In an embodiment, a system for cardiopulmonary bypass, including: a cardiopulmonary bypass reservoir configured to store a blood; a pump in fluid communication with the cardiopulmonary bypass reservoir configured to provide pressure to the system; an oxygen source including a pressure regulator configured to regulate an oxygen pressure; an oxygenator fluidly connected to the pressure regulator of the oxygen source via an sweep gas inlet, wherein the sweep gas inlet is configured to have a subatmospheric pressure and the oxygenator is configured to oxygenate the blood; a vacuum regulator fluidly connected to the oxygenator via an sweep gas outlet, and configured to provide the subatmospheric pressure; a flow restrictor fluidly connected to the sweep gas inlet and configured to allow for a pressure drop from the oxygen source to the oxygenator; and an arterial filter fluidly connected to a blood outlet of the oxygenator and to the cardiopulmonary bypass reservoir.

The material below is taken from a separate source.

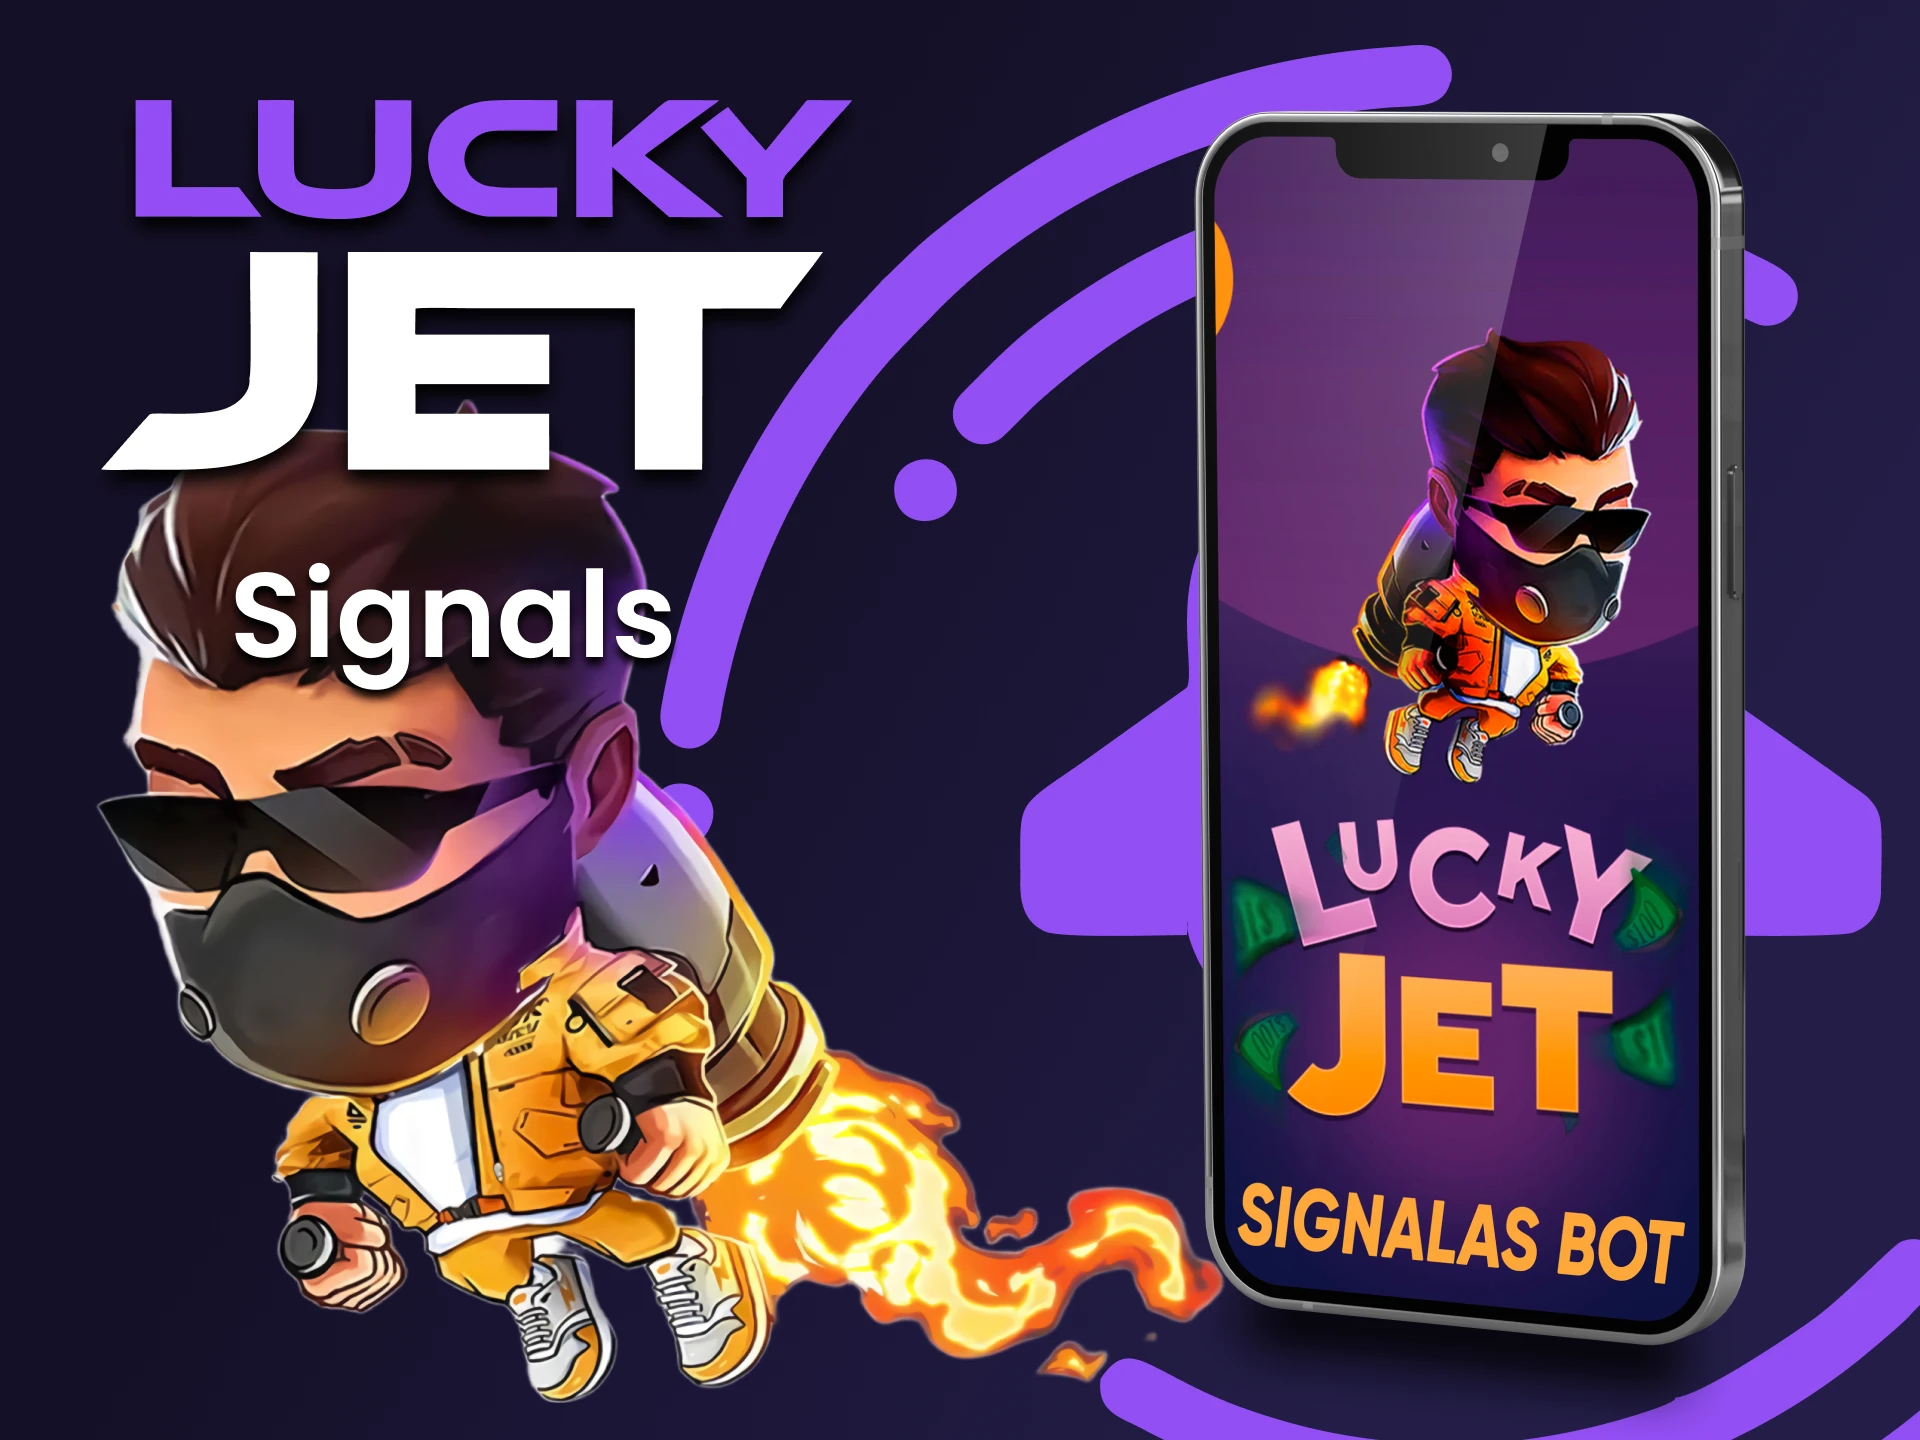 Utilice la señal para jugar Lucky Jet se puede utilizar a través de la aplicación.

A system for cardiopulmonary bypass, including: an oxygen source including a pressure regulator configured to regulate an oxygen pressure; an oxygenator fluidly connected to the pressure regulator of the oxygen source via an sweep gas inlet, wherein the sweep gas inlet is configured to have a subatmospheric pressure and the oxygenator is configured to oxygenate a blood; a vacuum regulator fluidly connected to the oxygenator via an sweep gas outlet and configured to provide the subatmospheric pressure; and a flow restrictor fluidly connected to the sweep gas inlet and configured to allow for a pressure drop from the oxygen source to the oxygenator.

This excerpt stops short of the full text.